Problem: Transcribe all of the records word for word, but omit the pictures.

Records for processing:
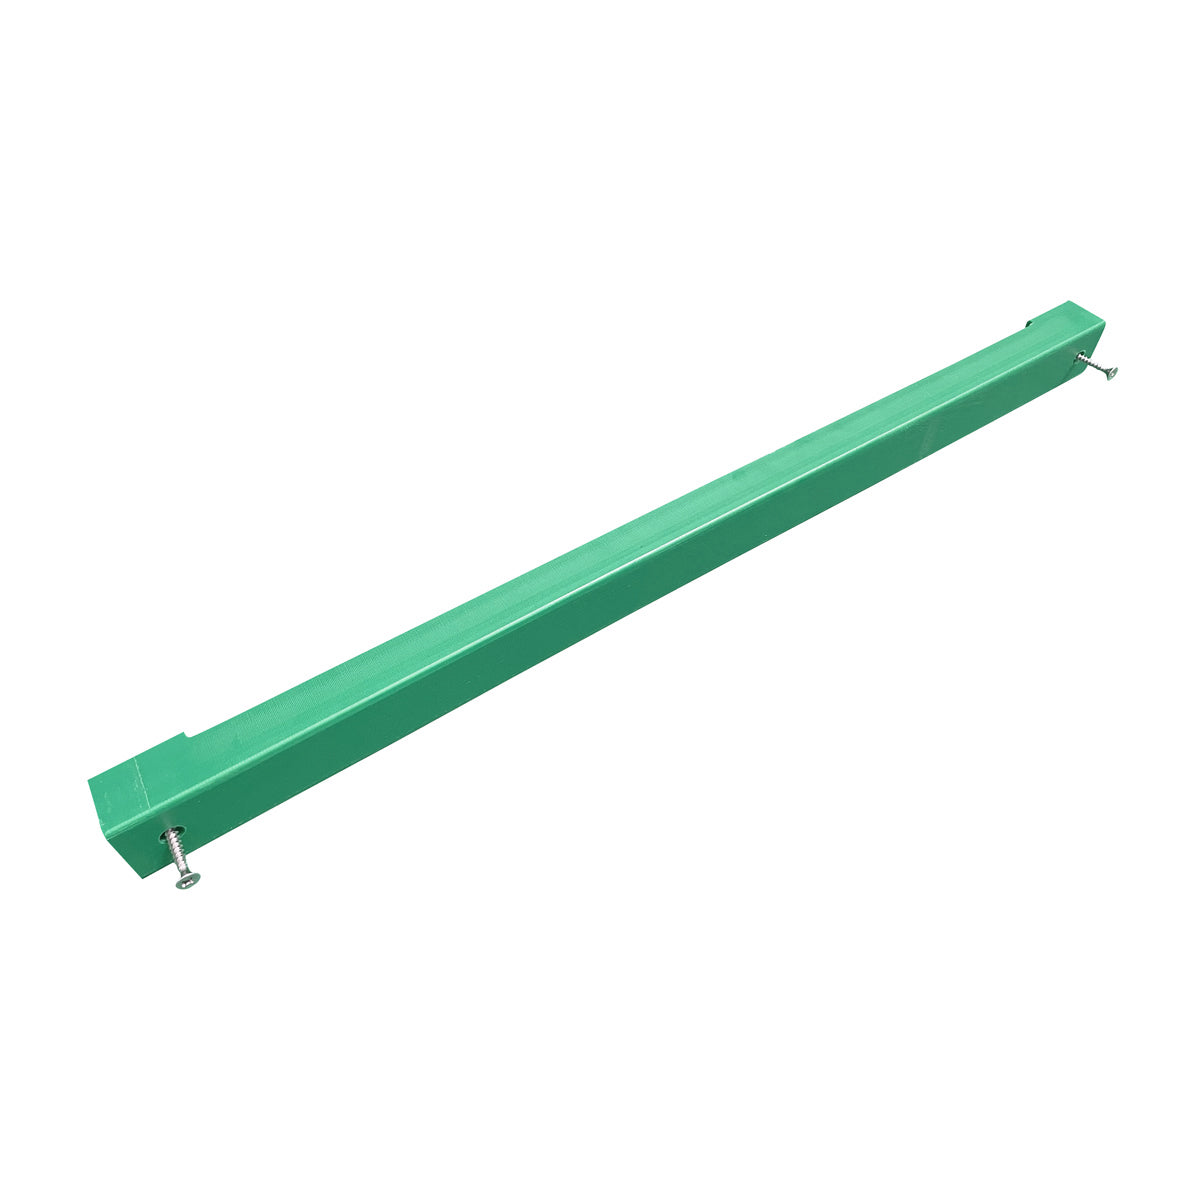 Knivholder til skjærebrett - 60 cm - grønn
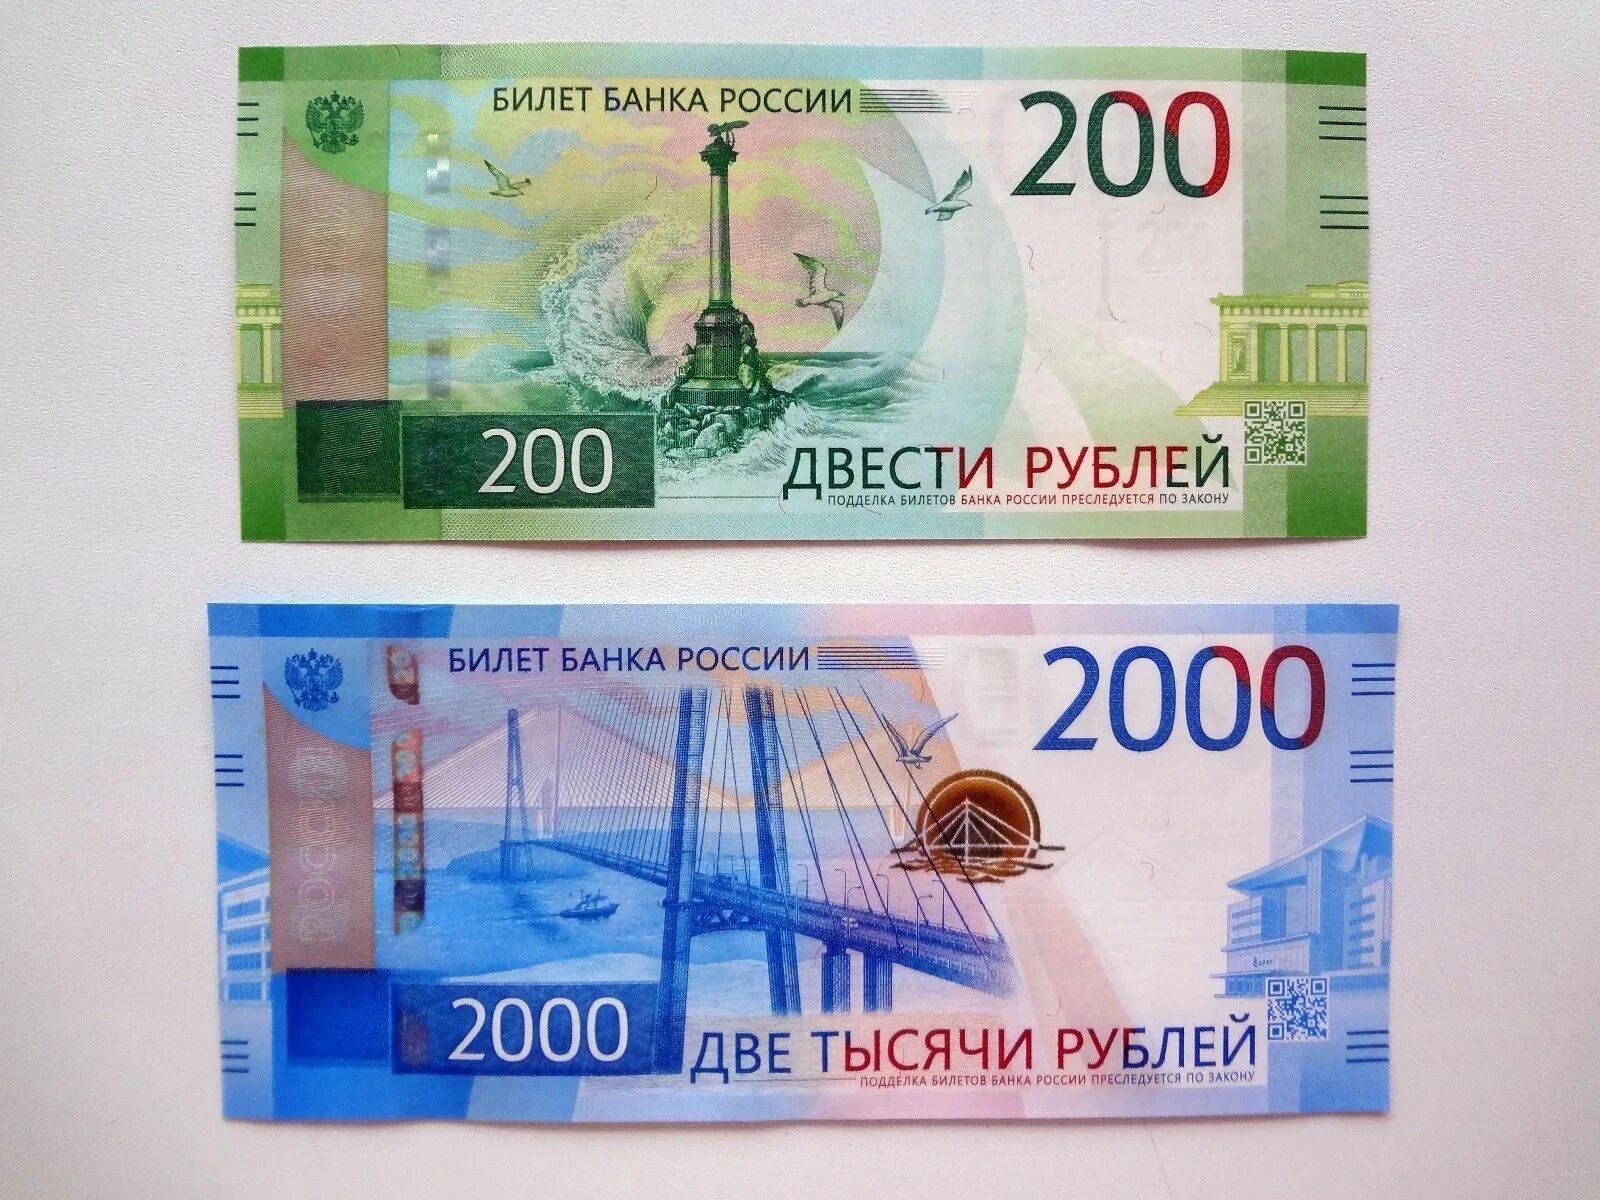 Двести четыре рубля. Купюра 2000 рублей. Билет банка России 2000 рублей. 200 И 2000 рублей. Купюра 200.
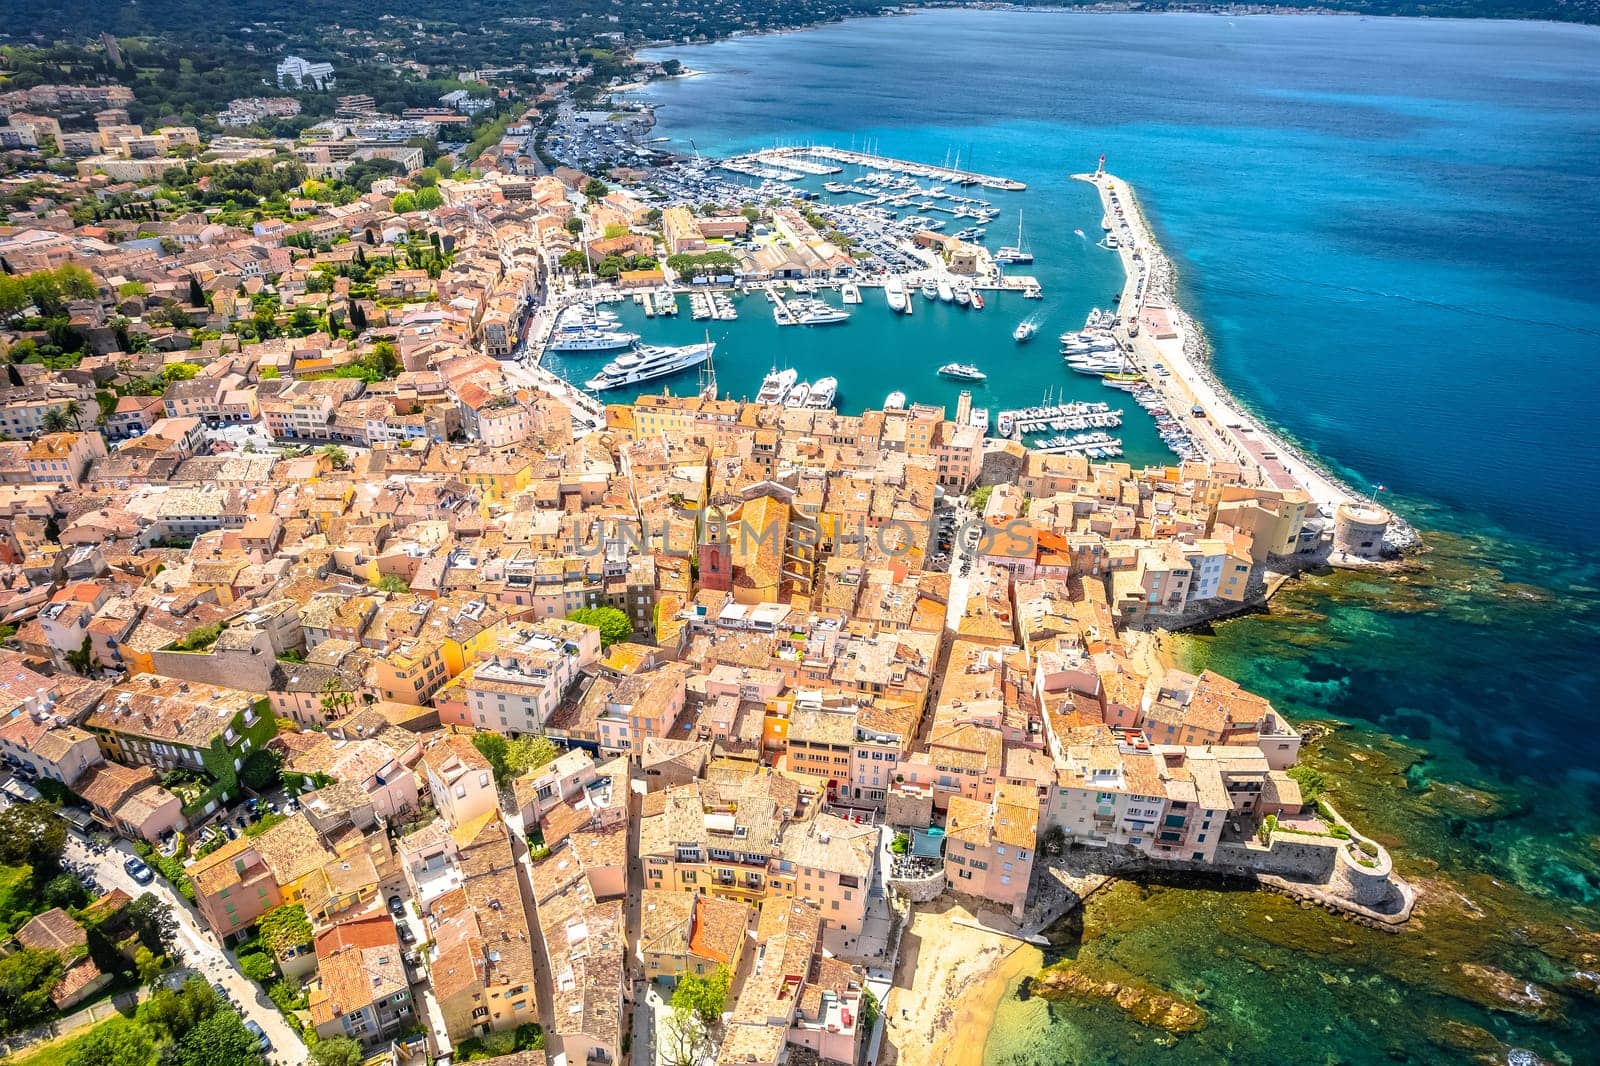 Village of Saint Tropez aerial view, luxury travel destination by xbrchx
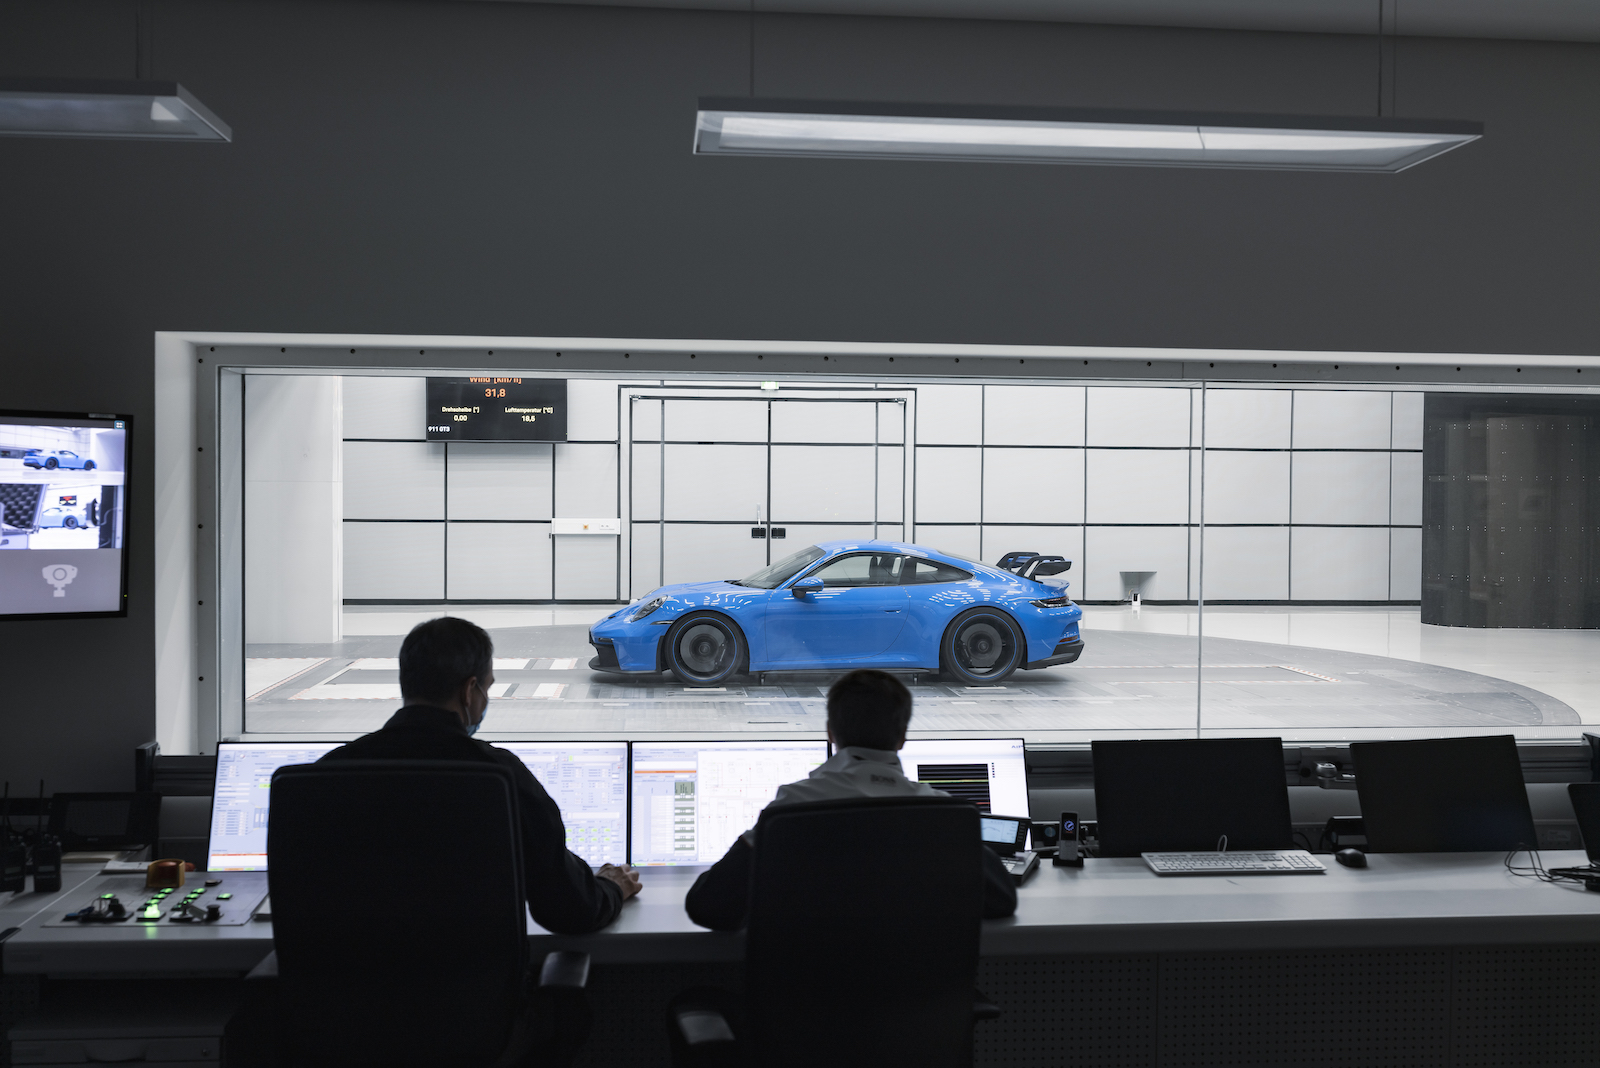  全新保時捷 911 GT3 歷經超過 160 小時的風洞測試。
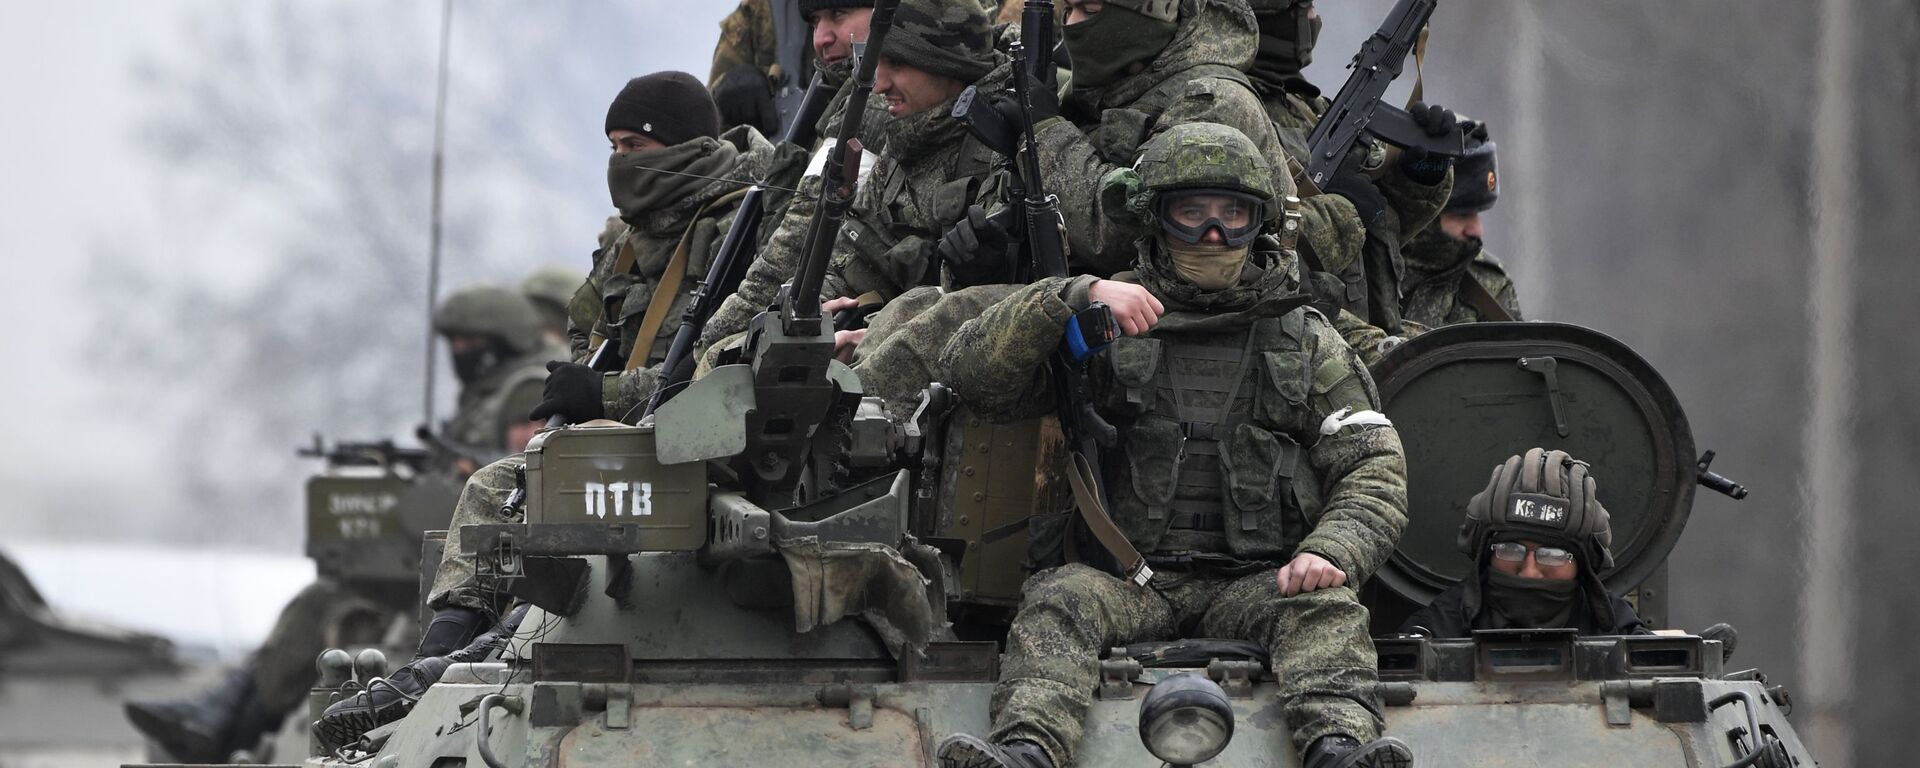 قوات الجيش الروسي في مدينة أرميناسك على حدود روسيا و أوكرانيا، 26 فبراير 2022  - سبوتنيك عربي, 1920, 11.04.2022

Response for this exercise:
 Knivholder til skjærebrett - 60 cm - grønn
 Двести четыре рубля. Купюра 2000 рублей. Билет банка России 2000 рублей. 200 И 2000 рублей. Купюра 200.
 Village of Saint Tropez aerial view, luxury travel destination by xbrchx
  全新保時捷 911 GT3 歷經超過 160 小時的風洞測試。
 قوات الجيش الروسي في مدينة أرميناسك على حدود روسيا و أوكرانيا، 26 فبراير 2022  - سبوتنيك عربي, 1920, 11.04.2022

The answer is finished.